И сидим мы, дурачки,
Немочь, нежить вод;
Зеленеют колпачки
Задом наперед.
 
   Блок чувствовал: Она ушла без возврата; все — непоправимо, все — во мраке. Сергей Соловьев негодовал: Блок— ренегат, он уходит из храма Иоаннова. И сидения за обеденным столом становились надрывными. Соловьев иронизировал над «невнятицей» блоковских стихов; Александра Андреевна обижалась и упрекала его в «достоевщине»; Блок сидел чужой, «растерянно ширя глаза, с полуоткрытым жалобным ртом, искривленным улыбкой». Раз Белый не выдержал: вдруг за столом, при всех сорвал с себя крест и бросил в траву. Этим вполне «символическим» жестом он показал, что мистический союз трех рыцарей у ног Прекрасной Дамы разорван навсегда. «Совершалась драма души, — пишет он, — погибала огромная „синяя птица“; Прекрасная Дама перерождалась в Коломбину, а рыцари— в „мистиков“; розовая атмосфера оказывалась тончайшею бумагой, которую кто-то проткнул: за бумагой открывалось ничто… Это все показал „Балаганчик“, написанный через полгода»…

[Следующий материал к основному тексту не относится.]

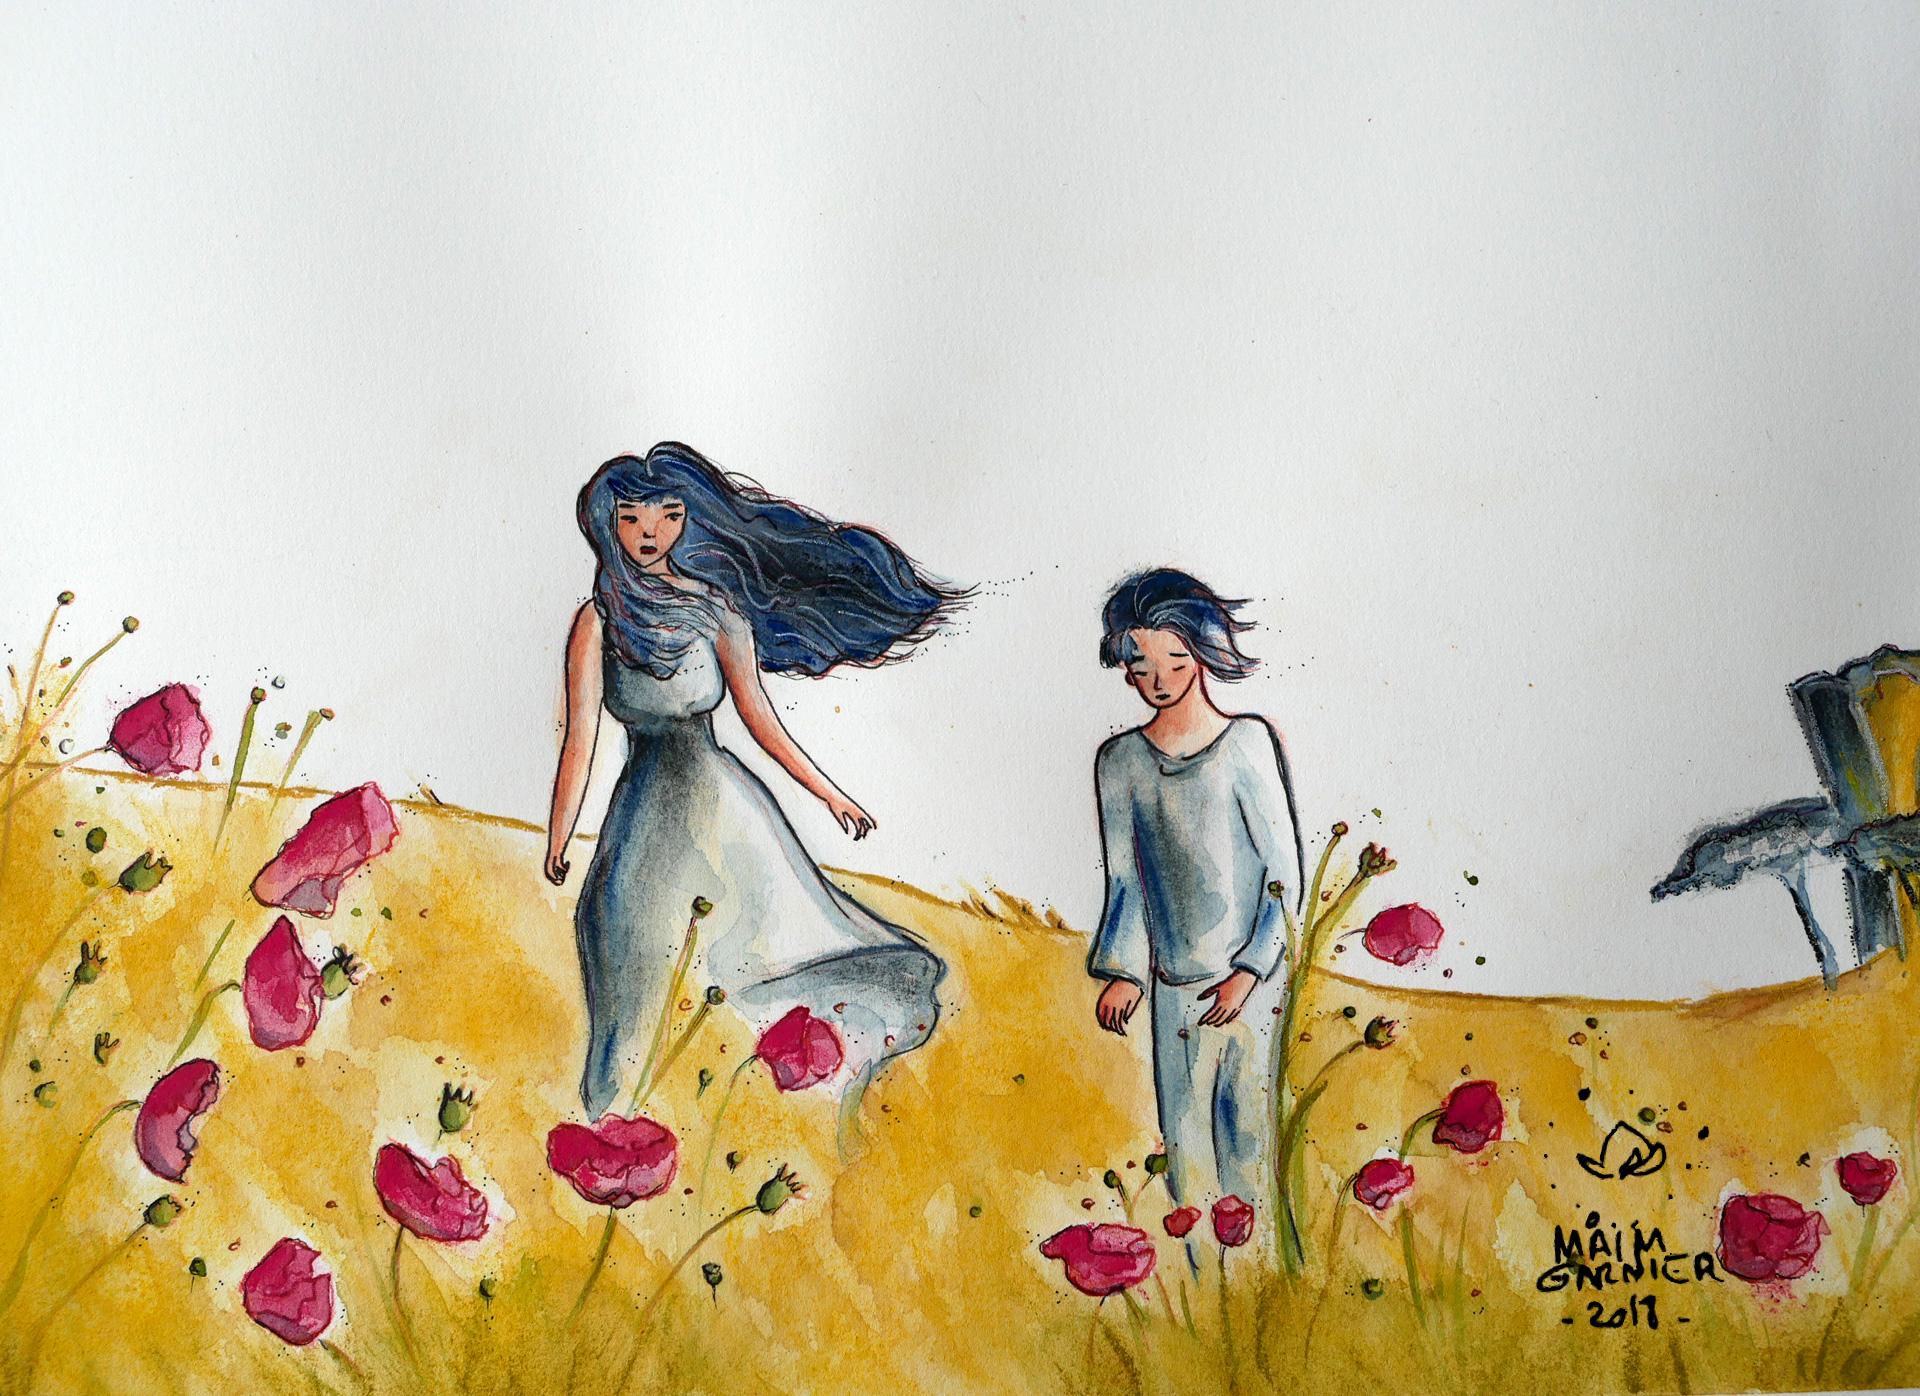 Illustration aquarelle \u00e0 d\u00e9couvrir sur Sansible ~ Ma\u00efm Garnier

   Встреча друзей в Шахматове кончилась драматически. В один вечер Белый читал Блокам свою поэму «Дитя солнца». Сергей Соловьев ушел гулять и пропал на всю ночь. Поднялась тревога: в окрестных лесах было много «болотных оконец», в которые ночью было легко провалиться. Обитатели Шахматовской усадьбы провели бессонную ночь, гоняли лошадей, посылали гонцов. Утром Белый отправился на ярмарку в село Тараканове и напал на след Сережи, а часам к трем он сам весело подкатил на тройке. Александра Андреевна, возмущенная, наговорила ему много резких слов. Сережа отвечал, что иначе поступить не мог по «мистической необходимости» и что для «личного долга» он готов даже переступить через жизнь человека. Мать Блока обозвала его эгоистом, Белый обиделся за своего друга и на следующий день уехал из Шахматова. Соловьев был слишком оскорблен, чтобы показать Блокам свою обиду: он остался у них еще два дня; троюродные братья с молчаливым остервенением сражались в карты и расстались врагами.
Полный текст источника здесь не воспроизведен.